• Data entries
=====

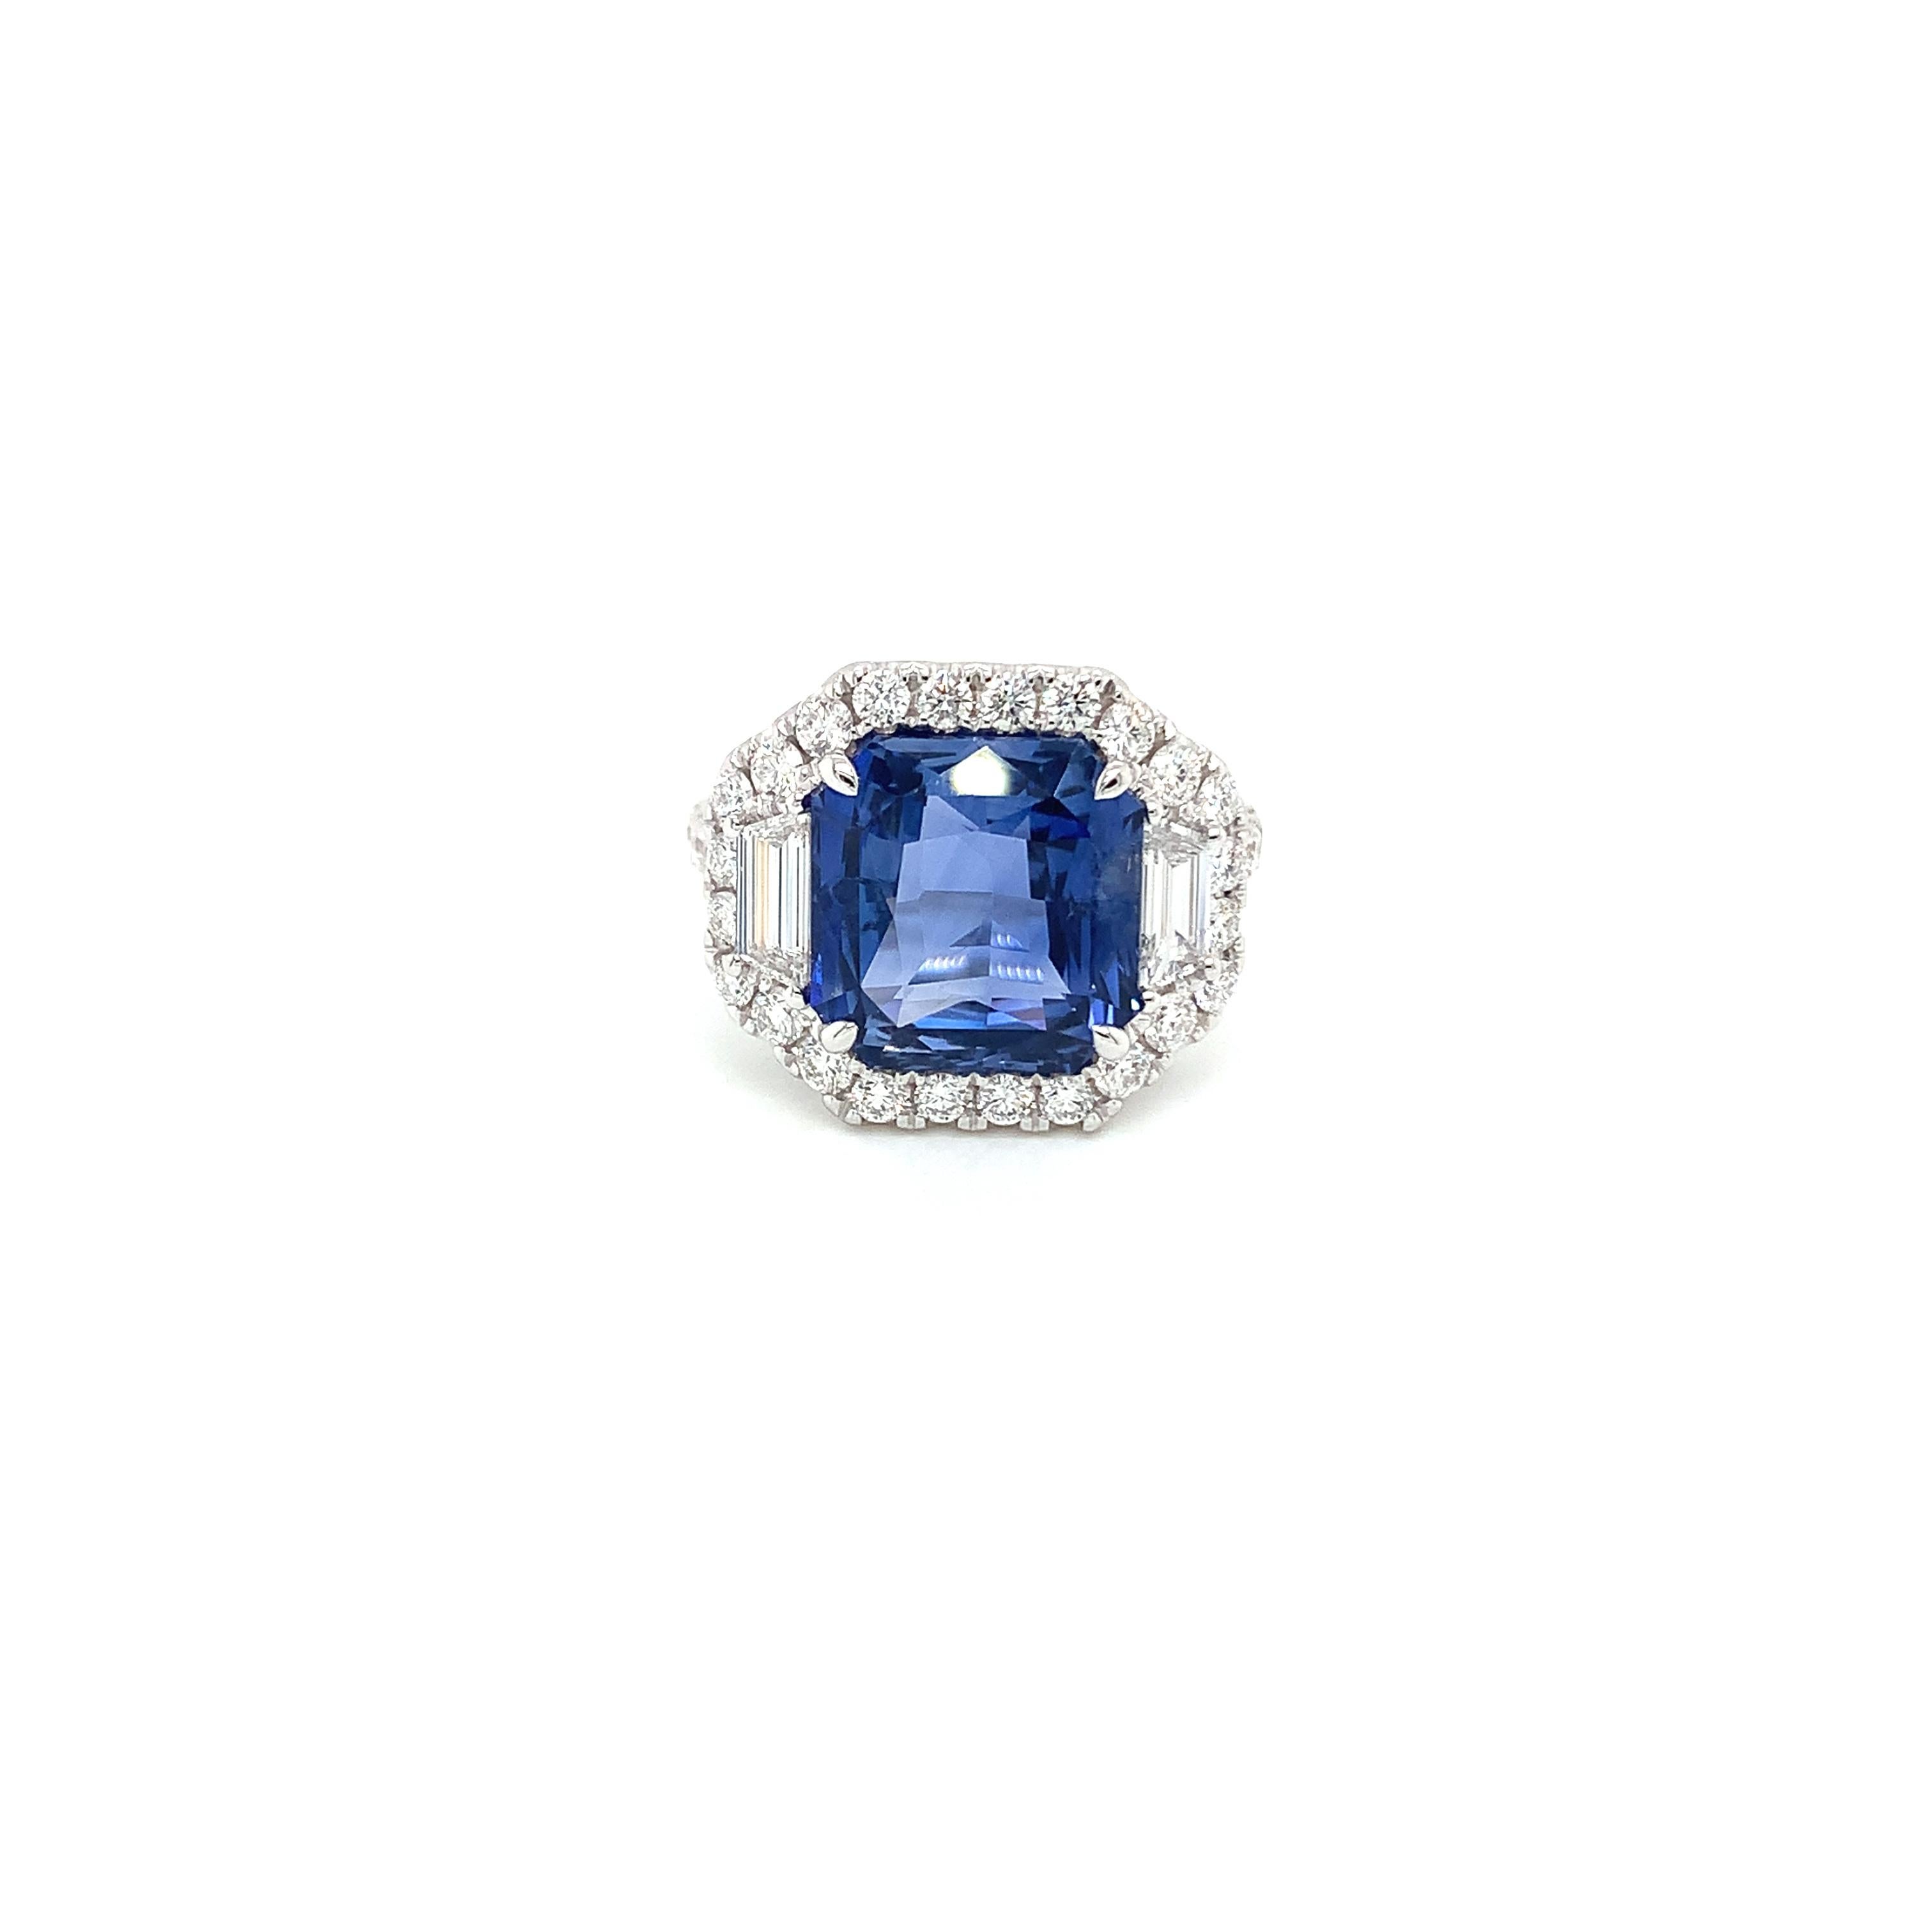 Emerald cut blue sapphire weighing 7.96 cts
Measuring (10.8x10.6) mm
34 pieces of round diamonds weighing .88 cts.
Two trapezoid diamonds weighing .38 cts
Measuring (6.02x2.37) mm
Set in 18k white gold ring
5.59 grams

=====

• TASK DIRECTIONS
Could you write out, unchanged, the line with "Measuring (6.02x2.37) mm" and every line after it in the data above?

• WRITTEN ANSWER
Measuring (6.02x2.37) mm
Set in 18k white gold ring
5.59 grams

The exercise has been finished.